Midpoint resampling has the downside, that expected errors for percentiles in the center of the
distribution are much larger than needed. For densely populated bins the uniform distribution is
often a good approximation, and can be used to estimate percentiles with high precision in typical
cases.
Fair resampling offers a welcome middle route. Instead of placing all samples at the (paretro)
midpoint, or smoothing them out with a uniform distribution, we place the samples at equally
spaced position within each bin. In this way, densely populated bins will be approximated by a near
uniform distribution and bins with only a single sample will be replaced by a single sample at the
midpoint, reducing the worst-case error to half the bin size.
\begin{definition}
Given a histogram $H$ on a binning $Bin[i], i \in I$ we define the fair resampling $X$ of $H$ as follows.
For each bin $Bin[i]$, with boundaries $a,b$ and count $H(i)=n$, we consider the points
\begin{align*}
x_{i,k} = a + \frac{k}{n+1} (b-a) \qtext{for} k=1,\dots,n
\end{align*}
and let $\hat{X} = (x_{i,k} \,|\, i \in I, k = 1\dots,H(i))$. This is a dataset with $count[H]$ points.

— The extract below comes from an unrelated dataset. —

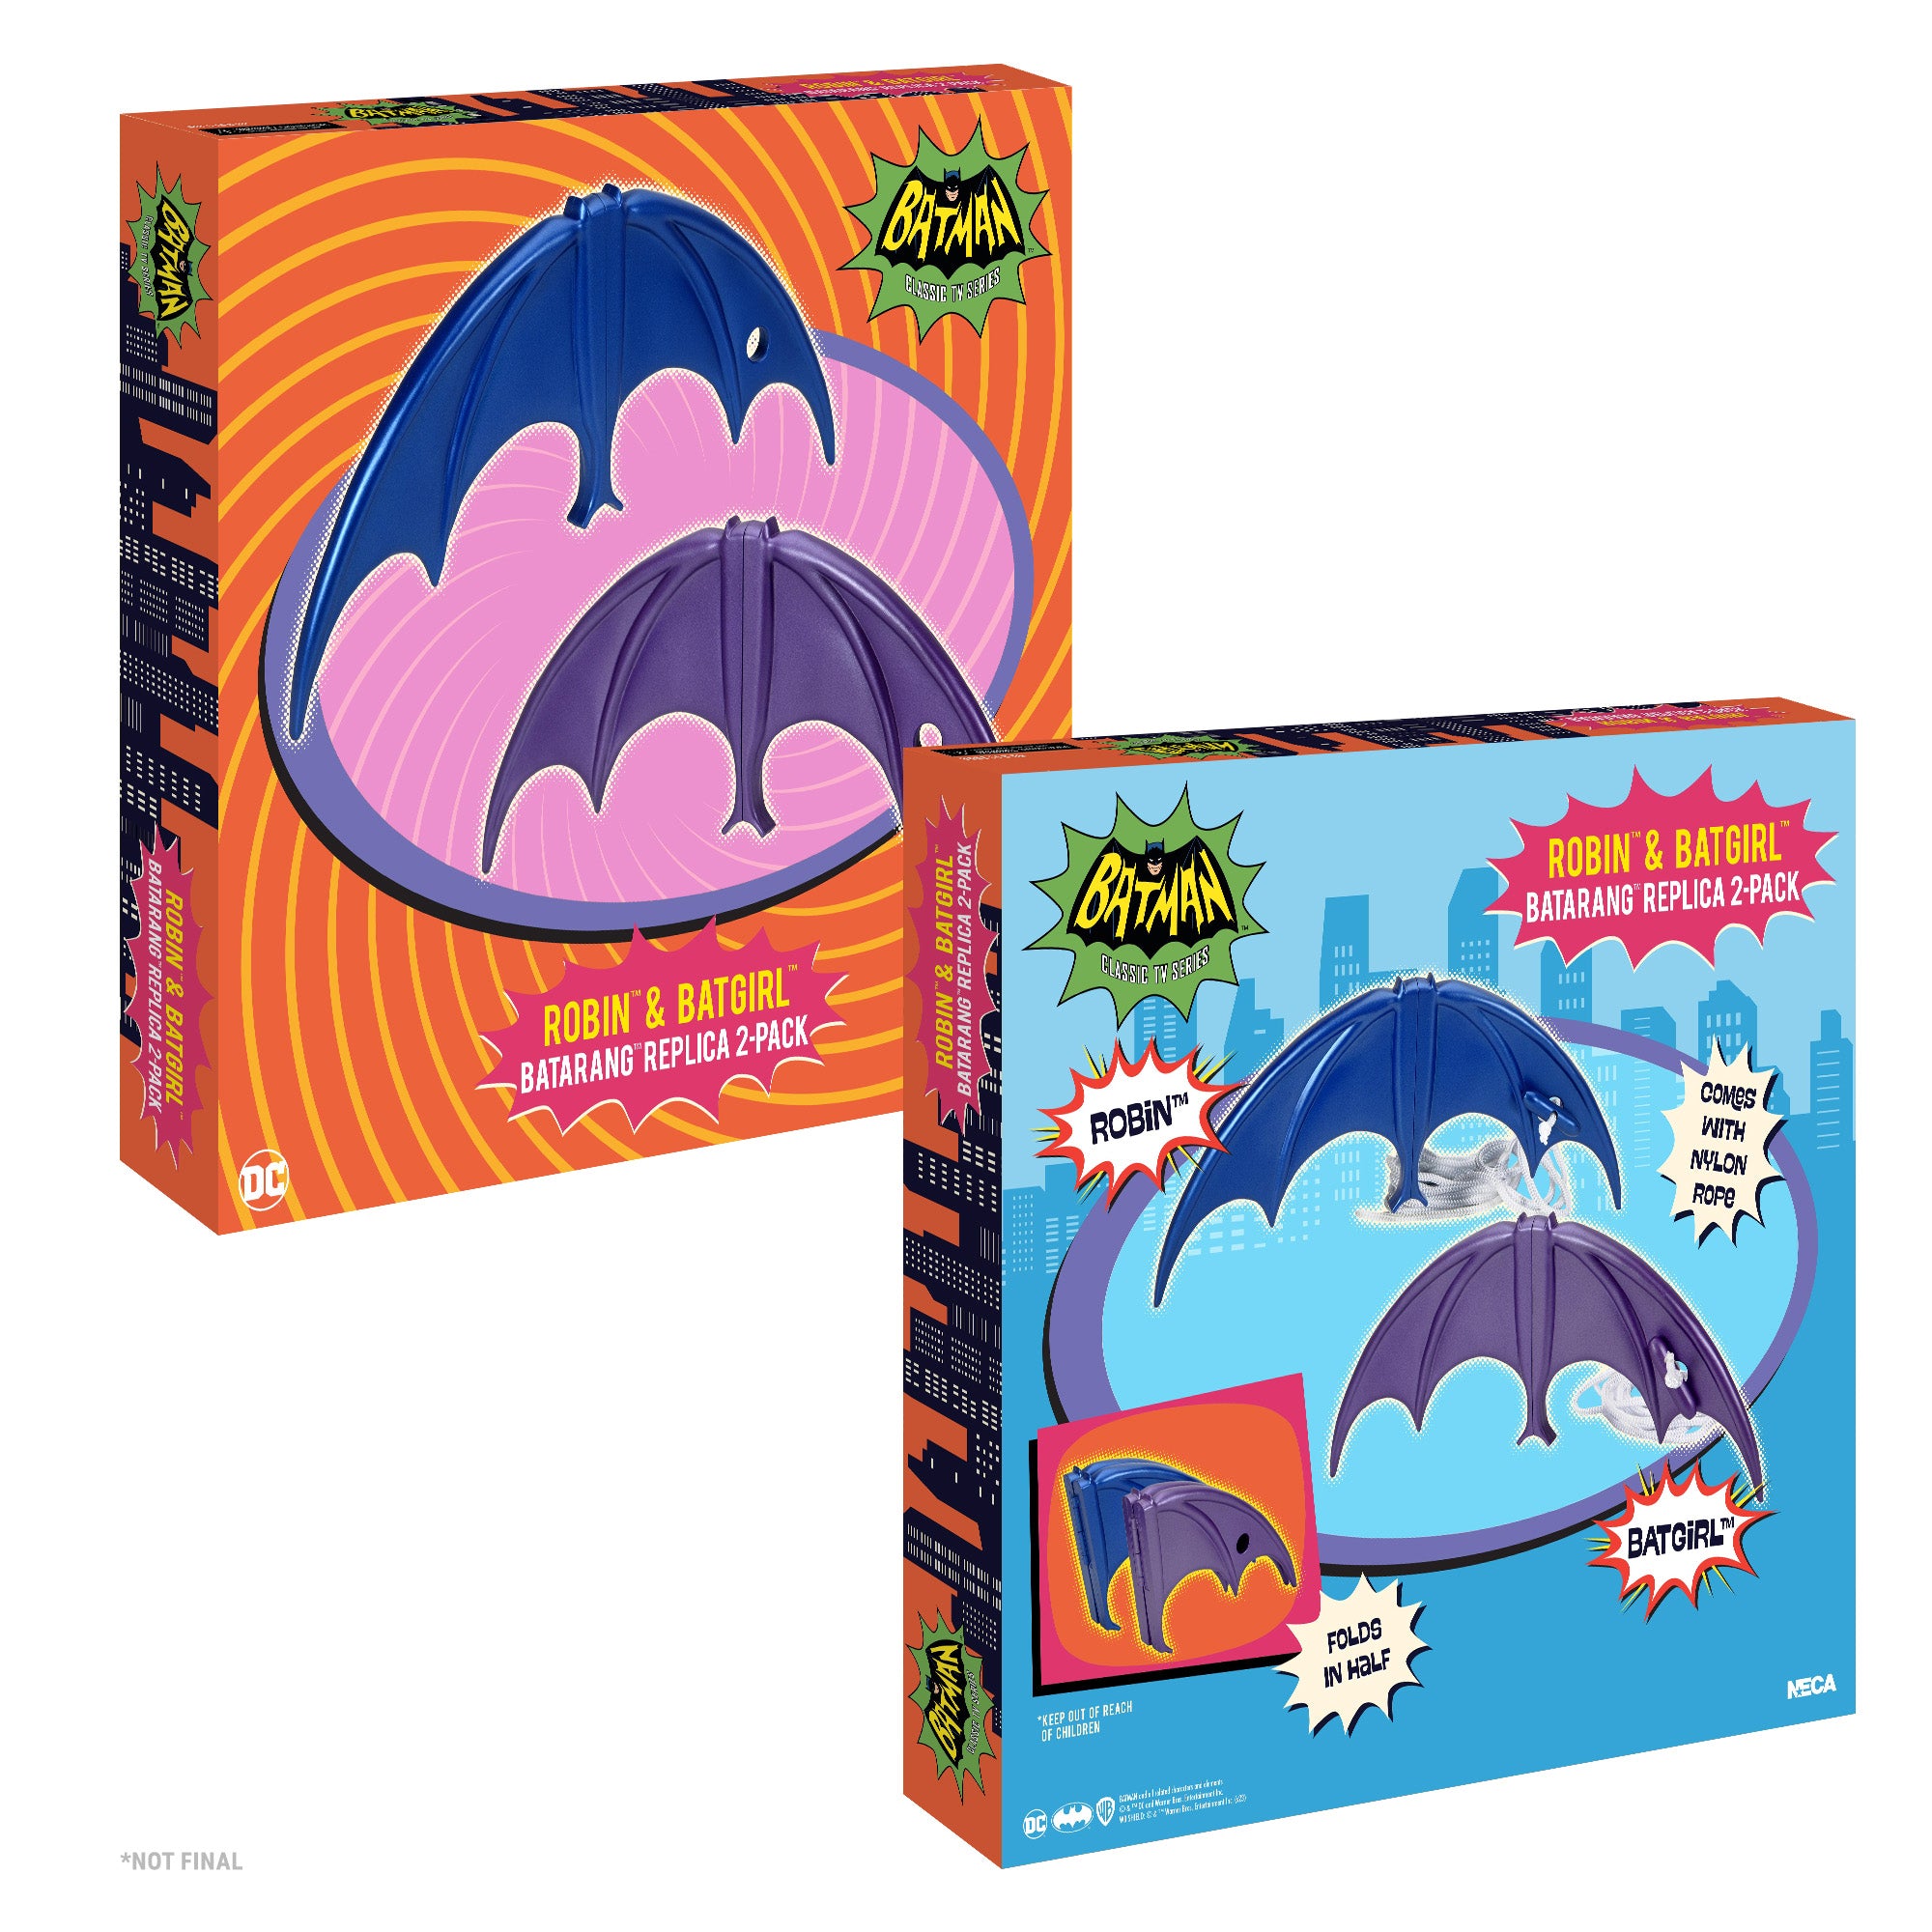 Batman 1966 TV Show Batgirl and Robin Batarangs packaging

Similarly, we define the midpoint resampling of $H$, with $H(i)$ samples at the midpoint of $Bin[i]$,
and the paretro midpoint resampling of $H$, with $H(i)$ samples at the paretro midpoint of $Bin[i]$.
\end{definition}
We now want to define the quantiles of a histogram as quantiles of the fair resampling of $H$.
Before we can do so we first need to clarify the quantile definition for datasets.

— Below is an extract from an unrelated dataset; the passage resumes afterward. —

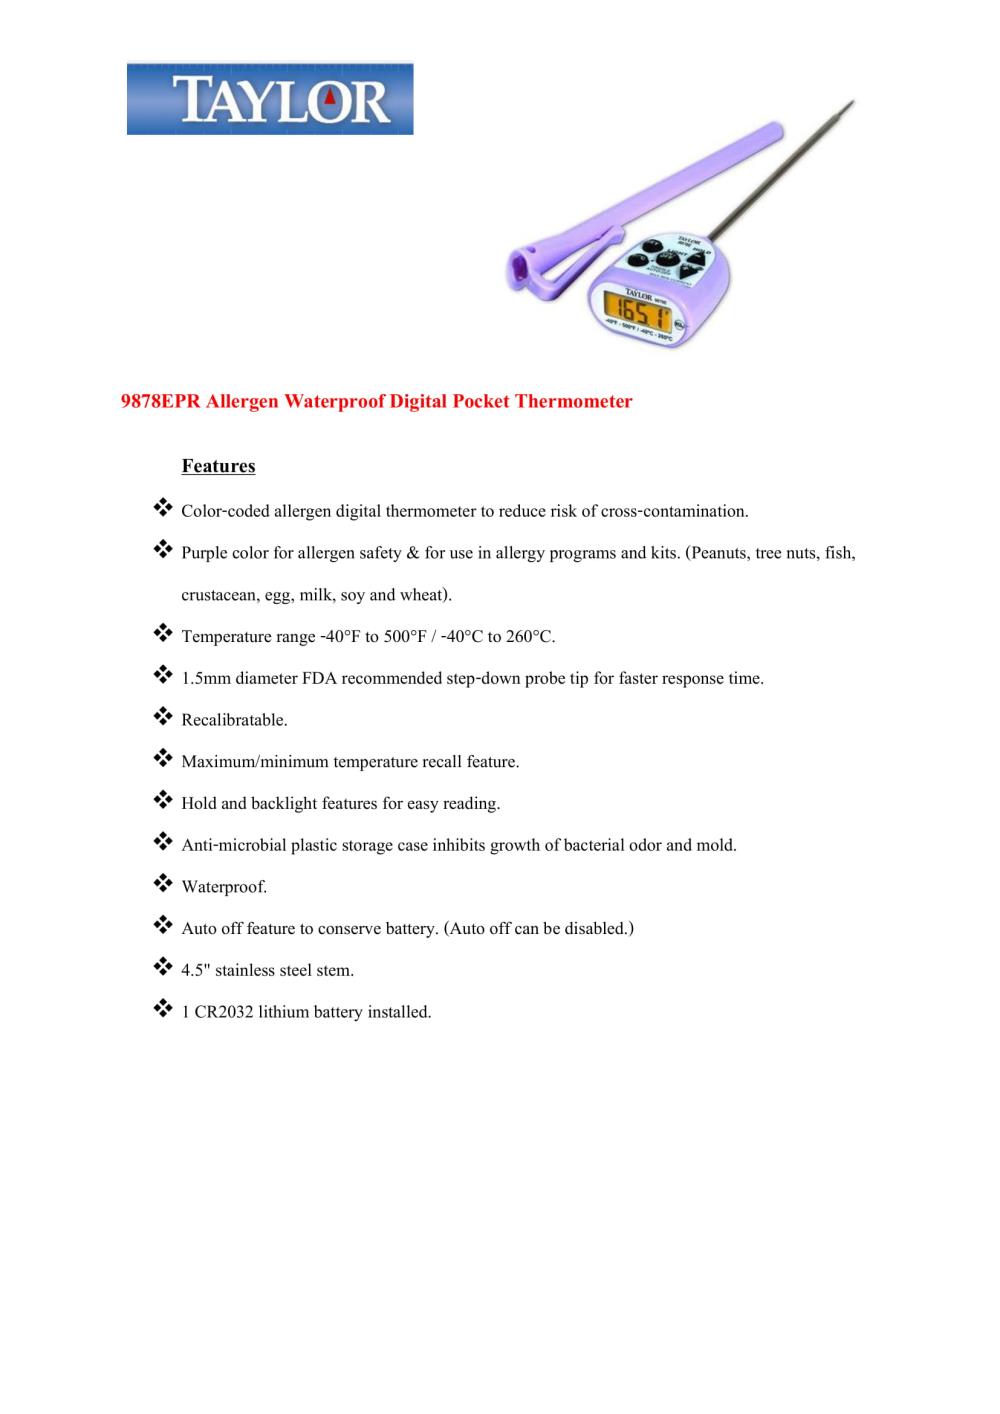 Taylor Waterproof Digital Thermometer Model 9878EPR

While there is only a single established quantile definition for probability distributions, there
are multiple different quantile definitions for datasets found in the wild.
A comprehensive list was compiled by Hyndman-Fan in 1996 \cite{HF1996}.

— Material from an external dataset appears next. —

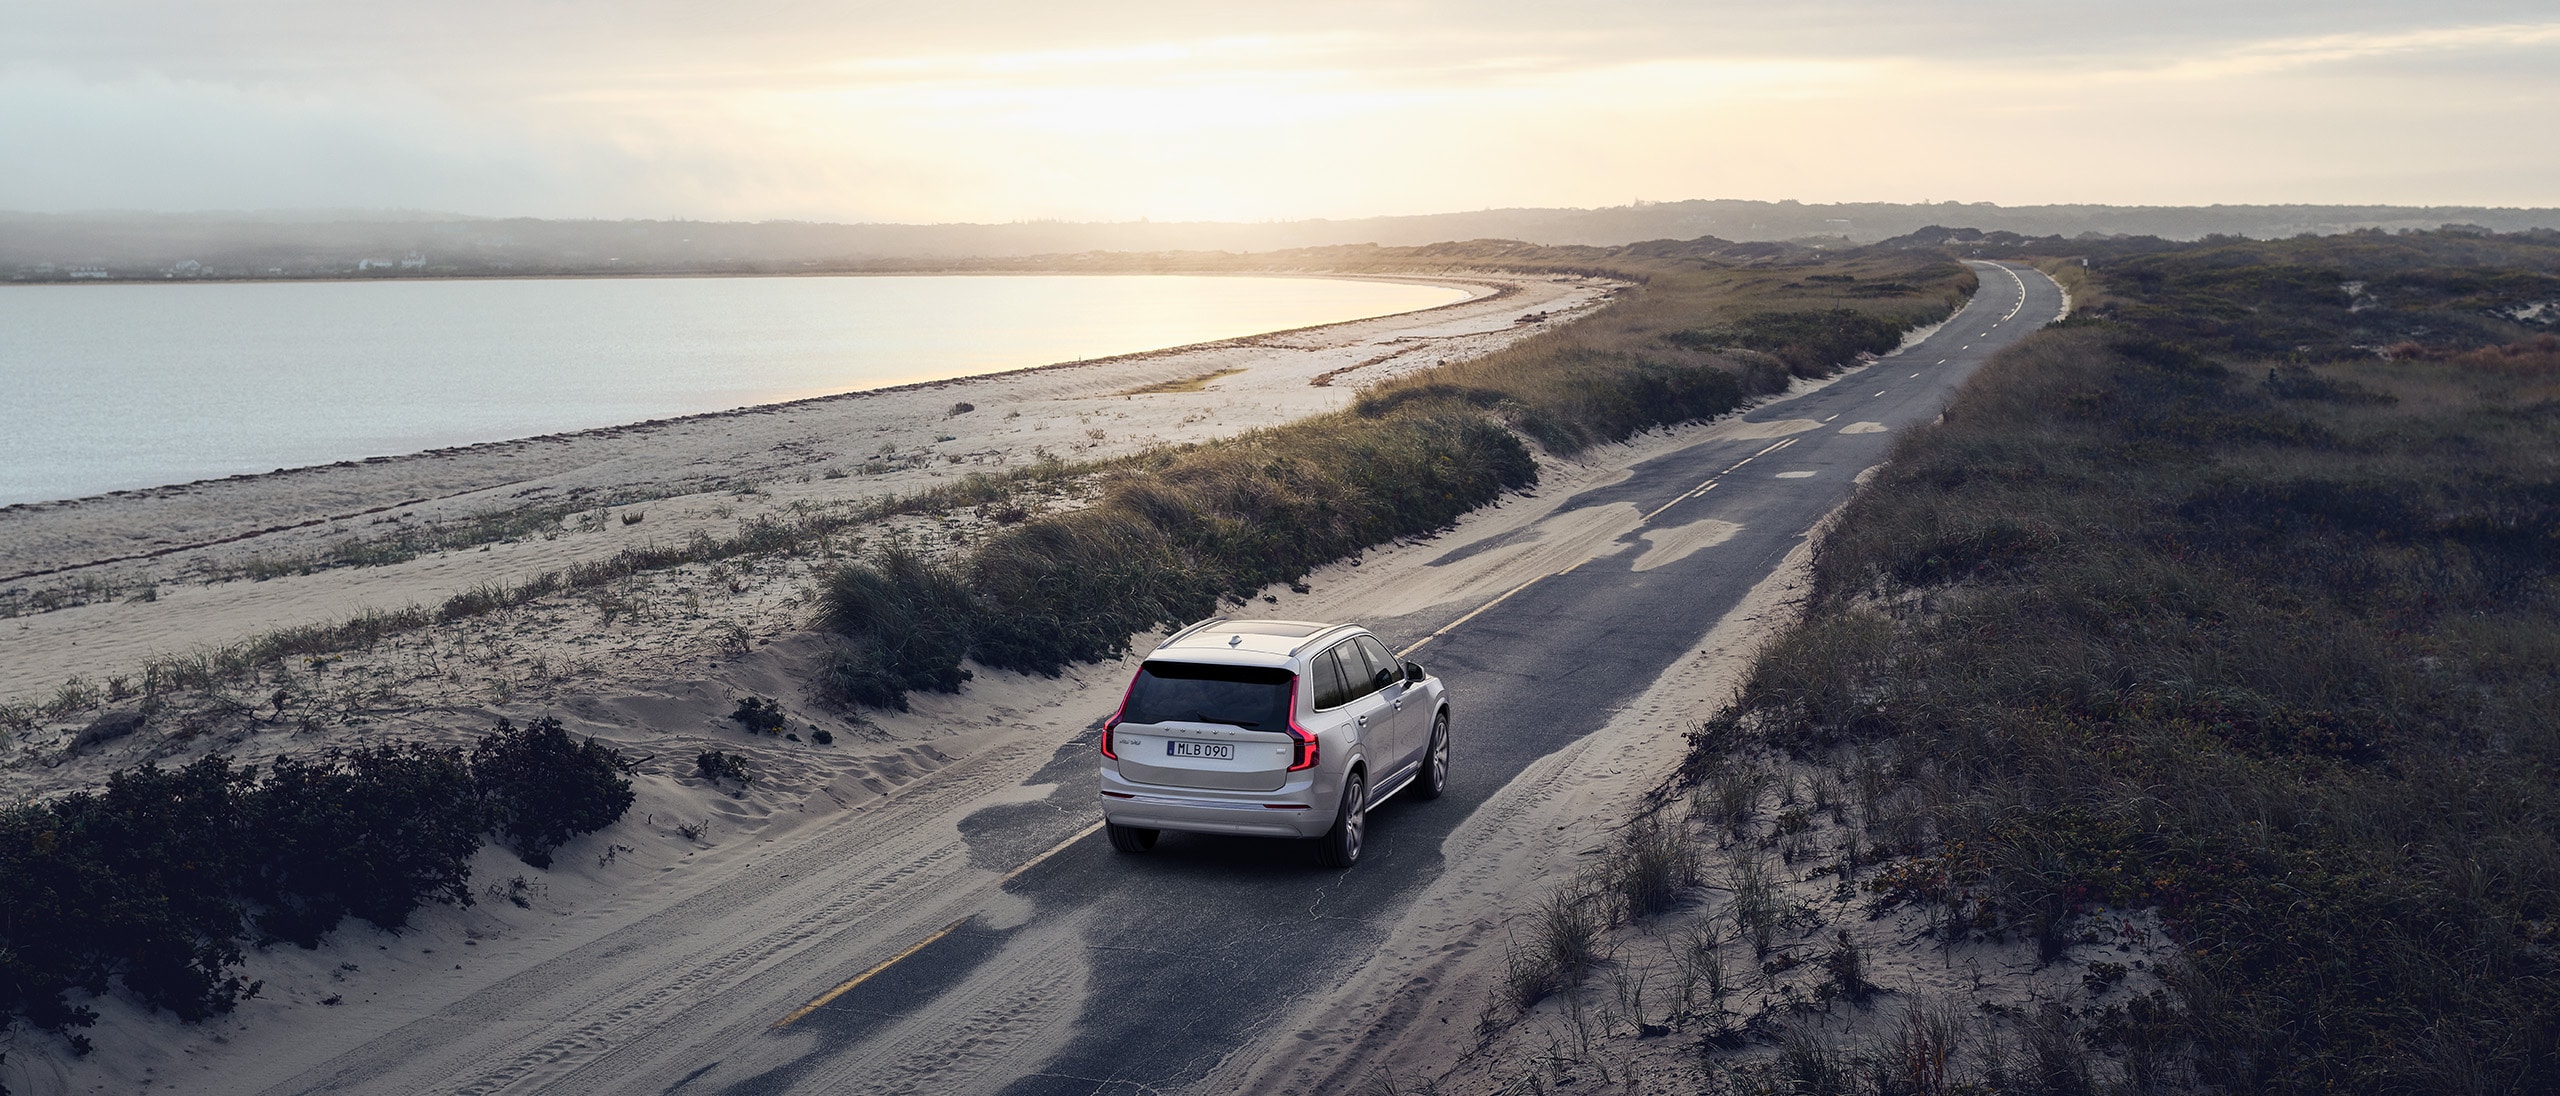 En grå Volvo XC60 kör på en landsväg omgiven av öppna fält i gryningen

For our discussion we will need type-1/7 quantiles from the Hyndman-Fan list,
as well as two other quantile functions, used by data-structures covered in our evaluation.
\begin{definition} \label{def:quantiles}
Given a dataset $X=(x_1,\dots,x_n), n>0$ of real numbers, and a number $q \in [0,1]$.
Let $x_{(1)} \leq x_{(2)} \leq \dots \leq x_{(n)}$ be the ordered version of $X$.
We define the minimal type-1 q-quantile as
\begin{align*}
Q^1_0(X) = x_{(1)} \qtext{and} Q^1_q(X) = x_{(\ceil{q \cdot n})} \qtext{for} q > 0.
\end{align*}
We define the minimal type-7 quantile as
\begin{align*}
Q^{7}_q(X) = x_{(\floor{q \cdot (n - 1)} + 1)}.
\end{align*}
The interpolated type-7 quantile is given by:
\begin{align*}
Q^{7i}_q(X) = (1 - \gamma) \cdot x_{(\floor{q \cdot (n - 1)} + 1)} + \gamma \cdot x_{(\ceil{q \cdot (n - 1)} + 1)},
\end{align*}
where the interpolation factor $\gamma \in [0,1]$ is given by $\gamma = q(n-1) - \floor{q(n-1)}$.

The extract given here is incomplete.